We burn out our teachers, nurses, and officers because we have not staffed up the systems designed to hold the weight.
So—How Do We Hold Ourselves Together in This?
Because yes, it is heavy.
We are carrying grief.
We are managing moral injury.
We are, in many ways, the hope-holders for our communities—and hope is not light.
Let’s take a moment to understand this weight on our well being, what happens when we exist in despair.
When we live in a constant state of fear, stress, or outrage, we are idling in the fight, flight, or freeze response. That response is protective—but it is not sustainable.
If we are to resist effectively—if we are to imagine and build a better way forward—we must activate the part of us capable of reflection, collaboration, and deep resolve.
So, What Do We Do Now? Here’s How We Move Forward Together:
Be unsurprised.
The ability to be shocked by injustice is a privilege. Many people in our country have never had that luxury. If we stop being surprised, we start being strategic.
Name it.
Euphemisms don’t help us. Call it what it is: systemic erosion. Neglect. Injustice.
Check in.
With yourself. With your people. Build the relationships that sustain us for the long haul.
Accept the opportunity in chaos.
Sometimes, systems have to break so we can rebuild them differently. The breaking isn’t the end—it’s the beginning.
Activate. Take one step!
On days that you feel exhausted, overwhelmed, paralyzed take one step. Be defiant in small, daily ways. Don’t obey in advance. Don’t pre-comply. That’s what they count on.
In Closing
Thank you—for your time, your labor, your heart.
Thank you for continuing to show up in the face of despair.
**Now more than ever—let’s take good care.**
Care of ourselves.
Care of one another.
Care as a form of resistance.
Because when care is radical and defiant, it becomes a force that systems cannot erase.
Let’s hold that care.

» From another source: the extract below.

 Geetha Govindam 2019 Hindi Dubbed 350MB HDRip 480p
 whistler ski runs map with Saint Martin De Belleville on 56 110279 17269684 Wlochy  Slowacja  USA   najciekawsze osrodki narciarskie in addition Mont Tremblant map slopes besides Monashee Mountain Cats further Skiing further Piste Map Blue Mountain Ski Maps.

Let’s build with it.
Let’s never give it up.
Thank you.
“When care is radical and defiant, It becomes a force that systems cannot erase.” Thank you Erin.
Thank you Erin. Your thoughtful speech was exactly what we needed to hear today.
Thank you Erin for all the hard work you do for the Wexford Dems.
Thank you for pointing out the needs of people who are already in need and rely on programs like Medicaid.
We have to continue to ban together and draw strength from each other.